_WHAT IS EXPECTED:_ Your answer must be the full listing, reproduced exactly, minus any pictures.

_PROVIDED DATA:_
# # #

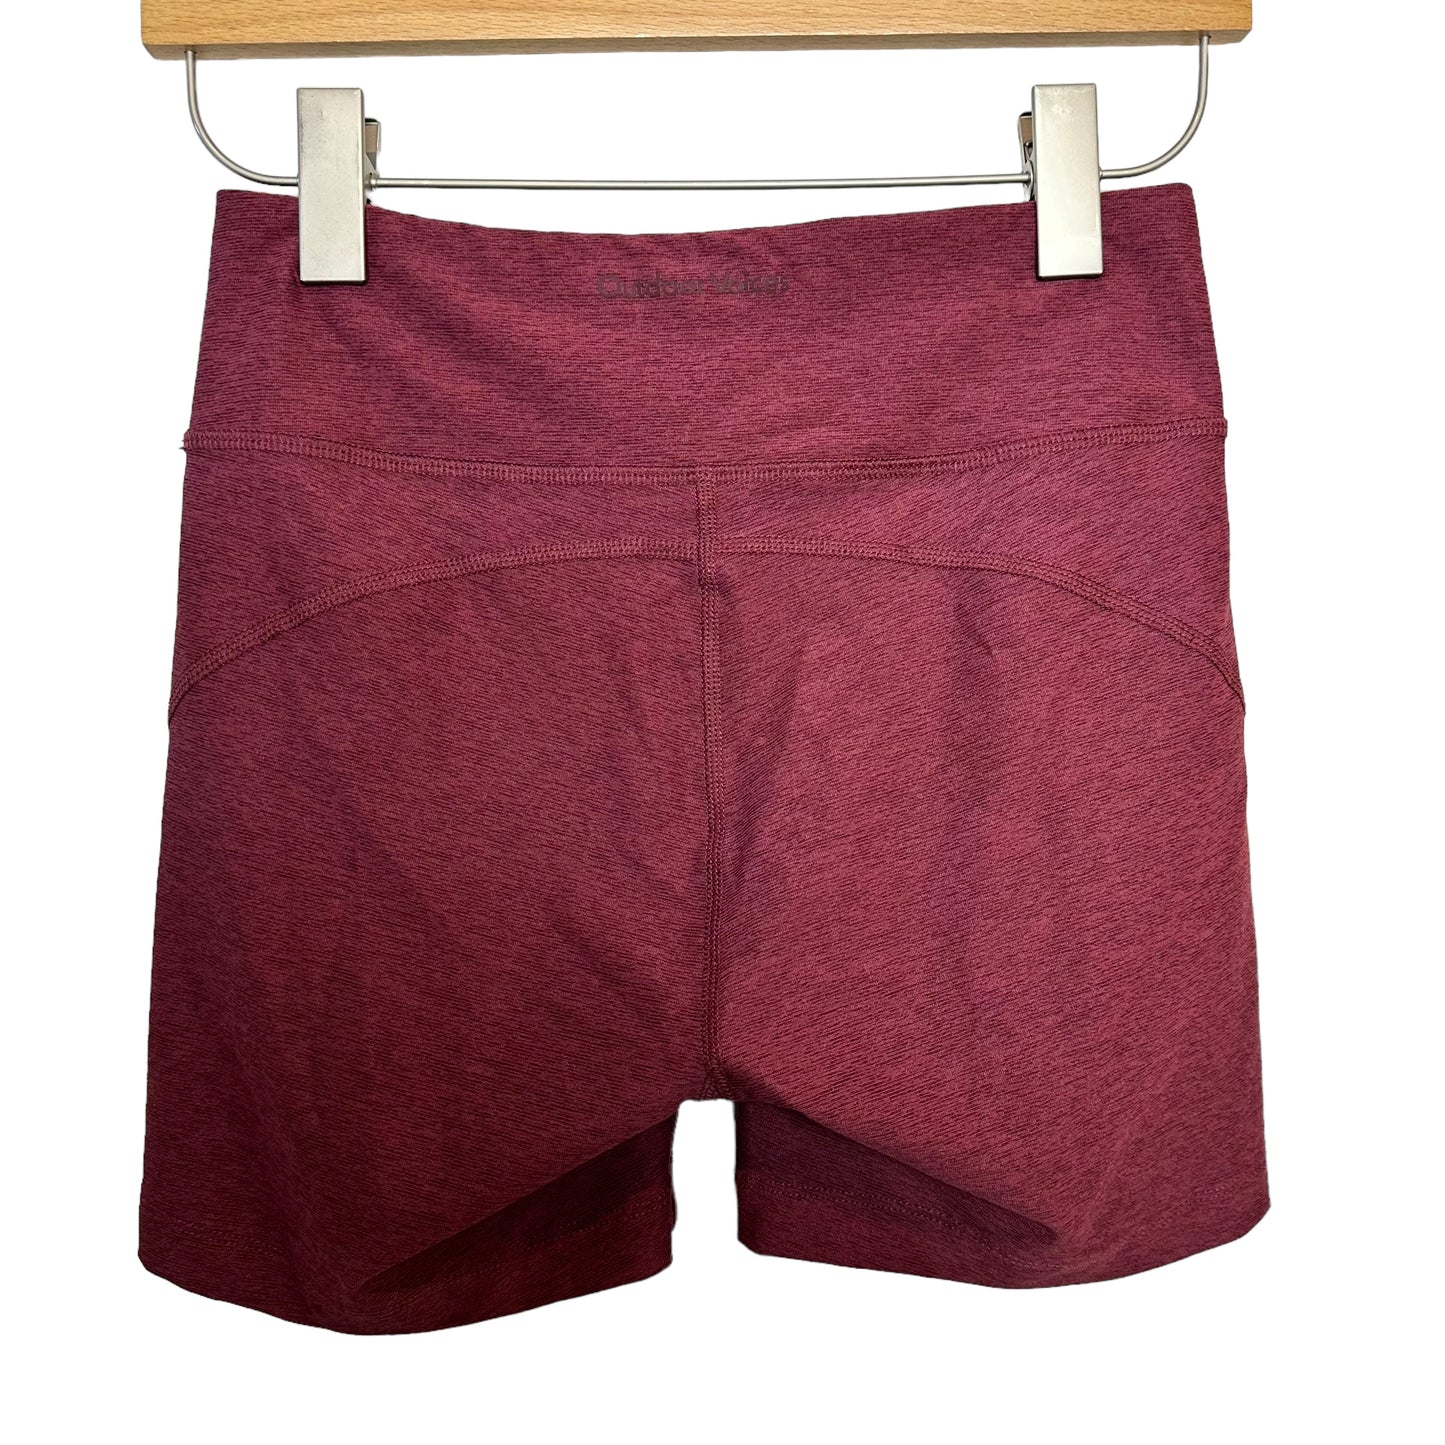 Outdoor Voices Warmup 5" Short Shiraz Burgundy Red Bike Shorts Small
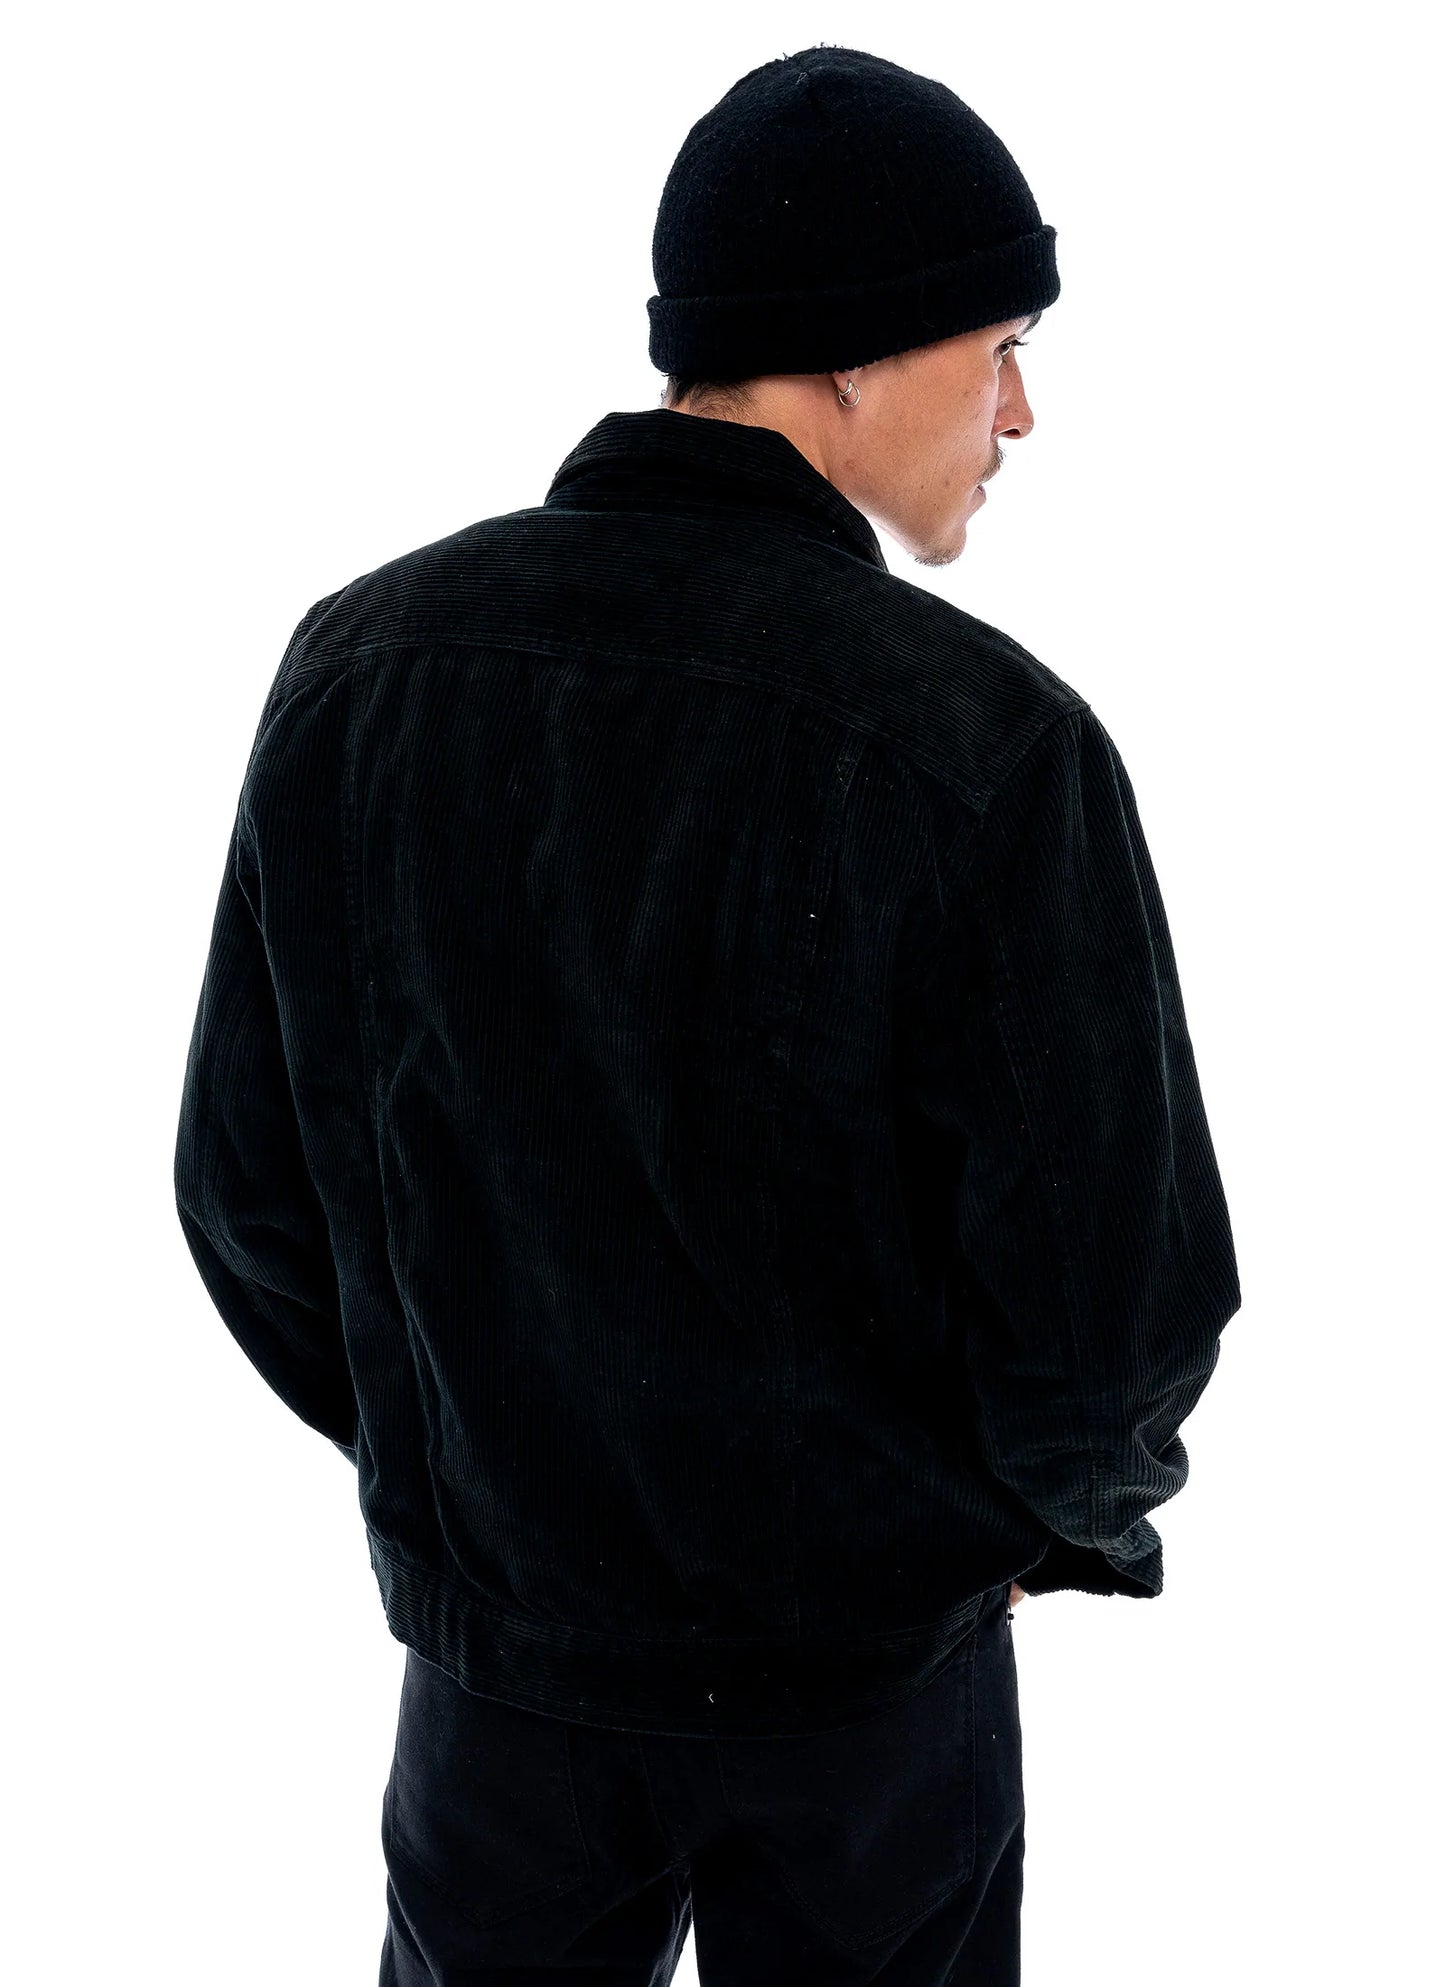 LOST IN NOWHERE // Corduroy Bomber Jacket BLACK
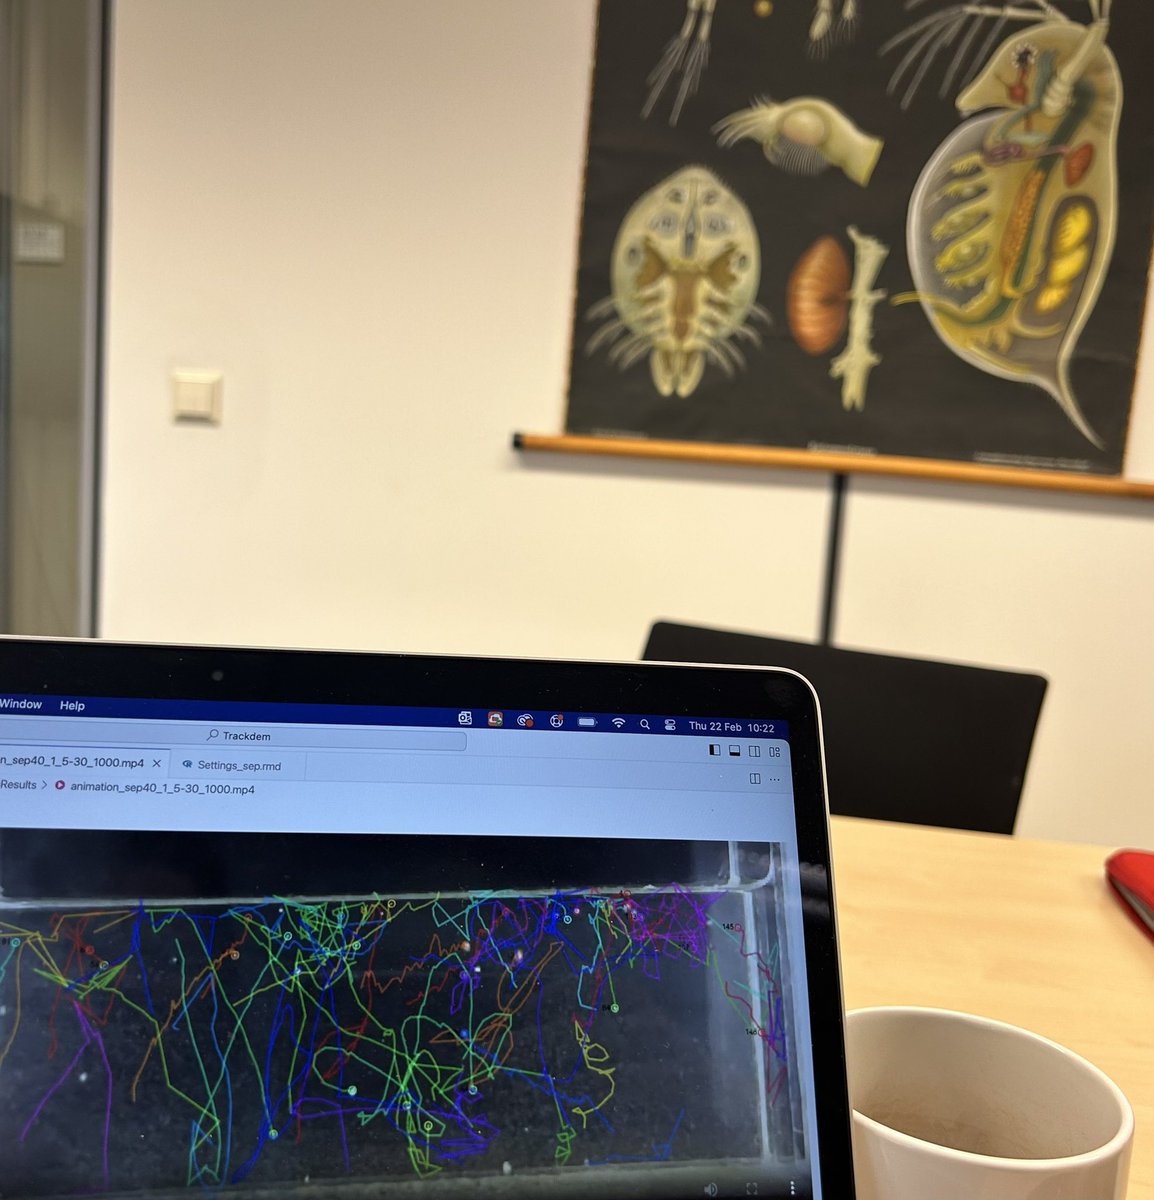 Nice day in the office with Bregje Brinkmann and work of Lan Dupuis Work in progress on swimming behaviour of waterfleas exposed to nano-embedded chemicals @LeidenScience European Research Council #ERC consolidation grant no 101002123 lnkd.in/eEKV6CDy

# # #

_PROBLEM SOLUTION:_
 Outdoor Voices Warmup 5" Short Shiraz Burgundy Red Bike Shorts Small
 LOST IN NOWHERE // Corduroy Bomber Jacket BLACK
 Nice day in the office with Bregje Brinkmann and work of Lan Dupuis Work in progress on swimming behaviour of waterfleas exposed to nano-embedded chemicals @LeidenScience European Research Council #ERC consolidation grant no 101002123 lnkd.in/eEKV6CDy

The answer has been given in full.